Resolutie 1666 Veiligheidsraad Verenigde Naties

Uit Wikipedia, de vrije encyclopedie
Resolutie 1666
Van de Veiligheidsraad van de Verenigde Naties
Datum 31 maart 2006
Nr. vergadering 5405
Code S/RES/1666
Stemming
voor
15
onth.
0
tegen
0
Onderwerp Georgisch-Abchazisch conflict
Beslissing Verlengde de UNOMIG-waarnemingsmissie met 6,5 maanden.
Samenstelling VN-Veiligheidsraad in 2006
Permanente leden
Niet-permanente leden
Vlag van Argentinië Argentinië · Vlag van Congo-Brazzaville Congo-Brazzaville · Vlag van Denemarken Denemarken · Vlag van Ghana Ghana · Vlag van Griekenland Griekenland · Vlag van Japan Japan · Vlag van Peru Peru · Vlag van Qatar Qatar · Vlag van Slowakije Slowakije · Vlag van Tanzania Tanzania
Een satellietbeeld van Abchazië.

Resolutie 1666 van de Veiligheidsraad van de Verenigde Naties werd op 31 maart 2006 unaniem aangenomen door de VN-Veiligheidsraad, en verlengde de waarnemingsmissie in Abchazië met zesënhalve maand.

Achtergrond[bewerken | brontekst bewerken]

Zie Georgisch-Abchazisch conflict voor het hoofdartikel over dit onderwerp.

Op het einde van de jaren 1980 wilde de Abchazische minderheid in Abchazië onafhankelijk worden van Georgië, waartoe ze behoorden, terwijl de Georgiërs wel de meerderheid van de bevolking uitmaakten.
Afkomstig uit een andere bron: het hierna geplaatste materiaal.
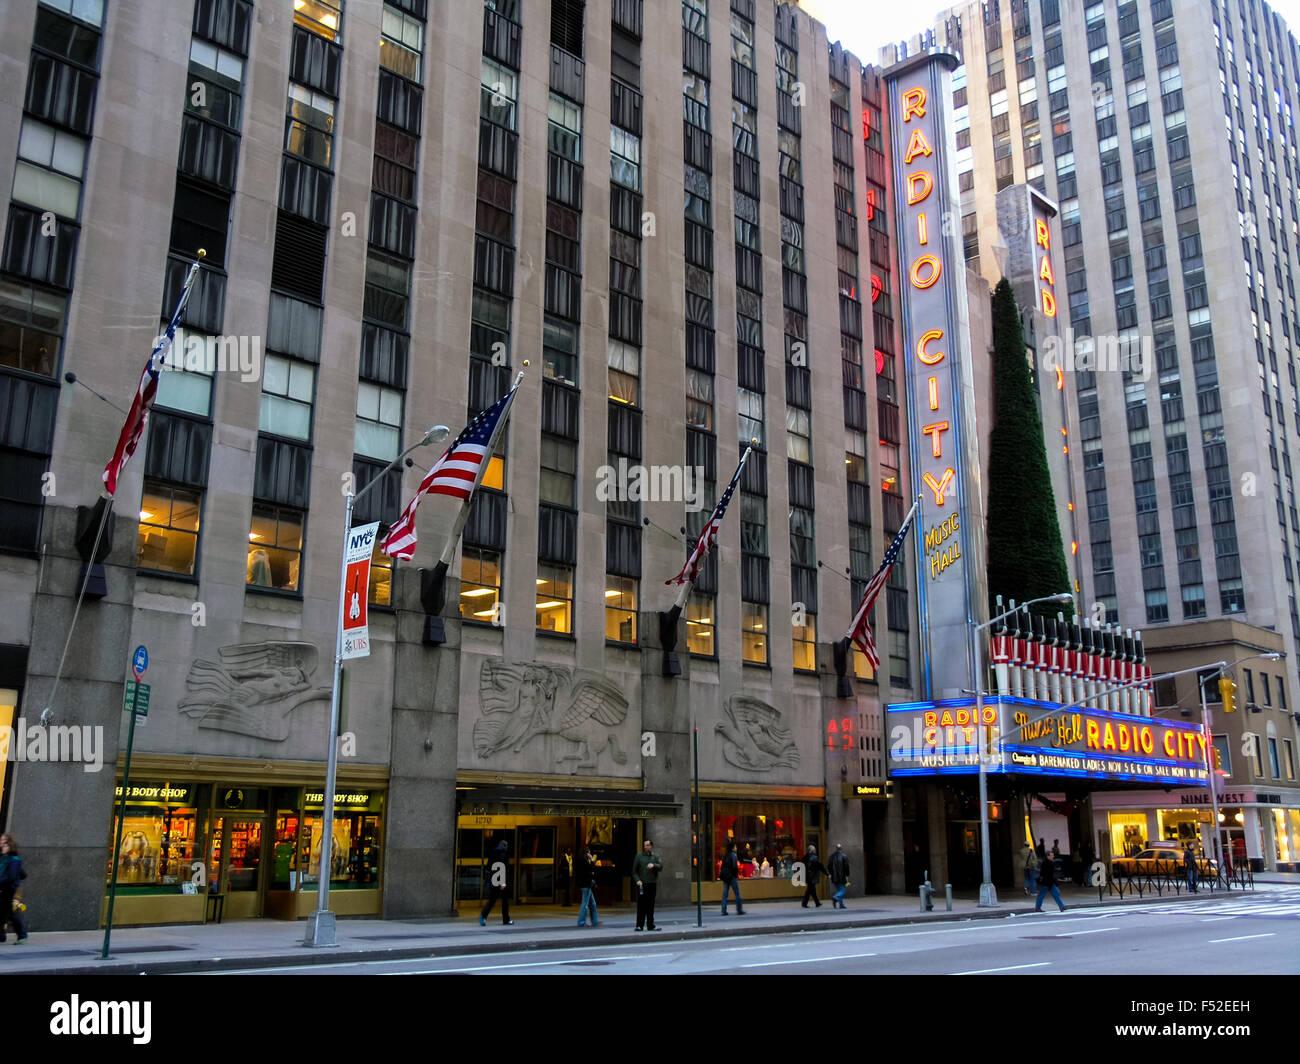 Radio City Hall building, New York, USA - Stock Image
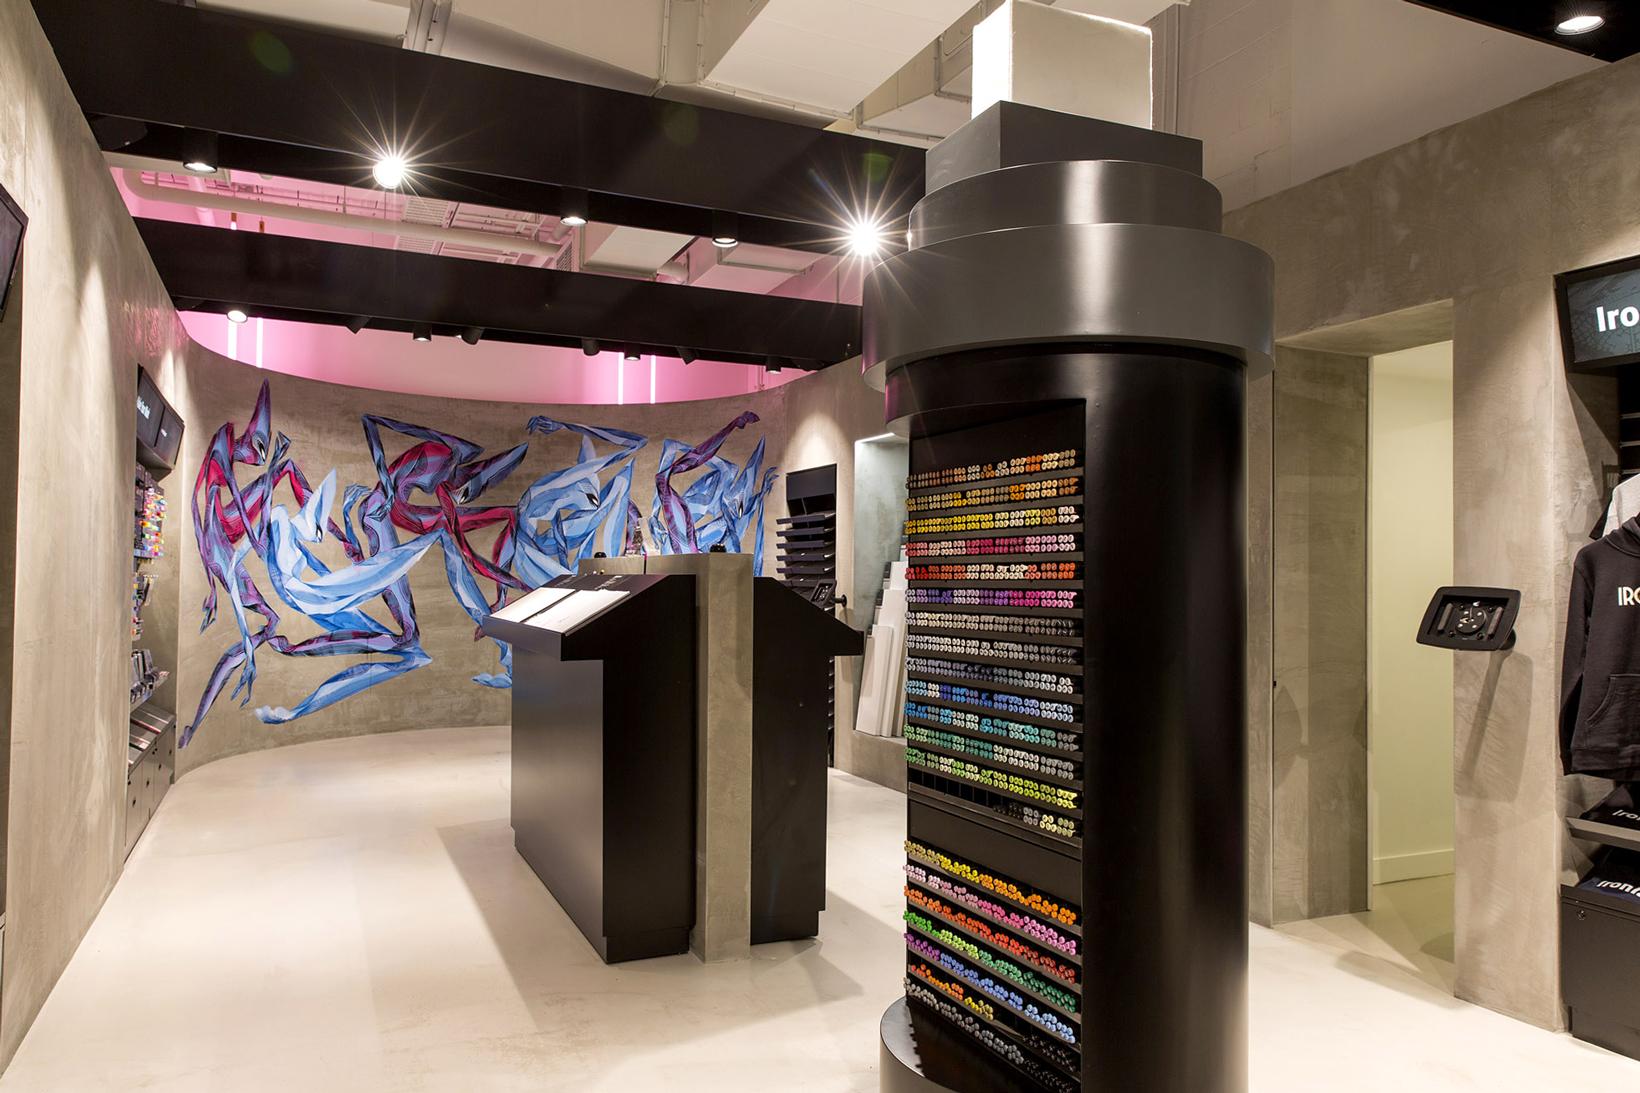 Ironlak Art & Design Sydney Flagship Store - 1765456

De Georgiërs zagen dat niet zitten en in 1992 leidde de situatie tot een gewapend conflict. Daarbij raakte ook grote buur Rusland betrokken, die het voor de Abchazen opnam. Begin 1993 braken zware gevechten uit om de Abchazische hoofdstad Soechoemi, die kortstondig waren onderbroken door een staakt-het-vuren.

Inhoud[bewerken | brontekst bewerken]

Men herinnerde nogmaals aan de basisprincipes voor de verdeling van bevoegdheden tussen Tbilisi en Soechoemi en verwelkomde bijkomende ideeën van de partijen om creatief en constructief deel te nemen aan de politieke dialoog. Beide zijden werden opgeroepen voluit gebruik te maken van de beschikbare mechanismen om tot een vreedzaam vergelijk te komen en te voldoen aan alle voorgaande akkoorden aangaande een staakt-het-vuren, geweldloosheid en het opbouwen van vertrouwen.

Aan Georgische zijde werd aangedrongen de Abchazische veiligheidszorgen serieus te nemen, geen stappen te zetten die als bedreigend konden worden ervaren en ook geen militaire retoriek meer te bezigen.

De Abchazen moesten dan weer zorgen dat vluchtelingen in alle veiligheid en menswaardig konden terugkeren en dat hun rechten inzake huisvesting en identiteit werden gerespecteerd.

Dan werd het mandaat van de UNOMIG-waarnemingsmacht in Georgië verlengd tot 15 oktober 2006. Ten slotte werd secretaris-generaal Kofi Annan gevraagd binnen drie maanden te rapporteren over de situatie in Abchazië en vooral over de vooruitgang van de onderhandelingen over geweldloosheid en de terugkeer van vluchtelingen en ontheemden.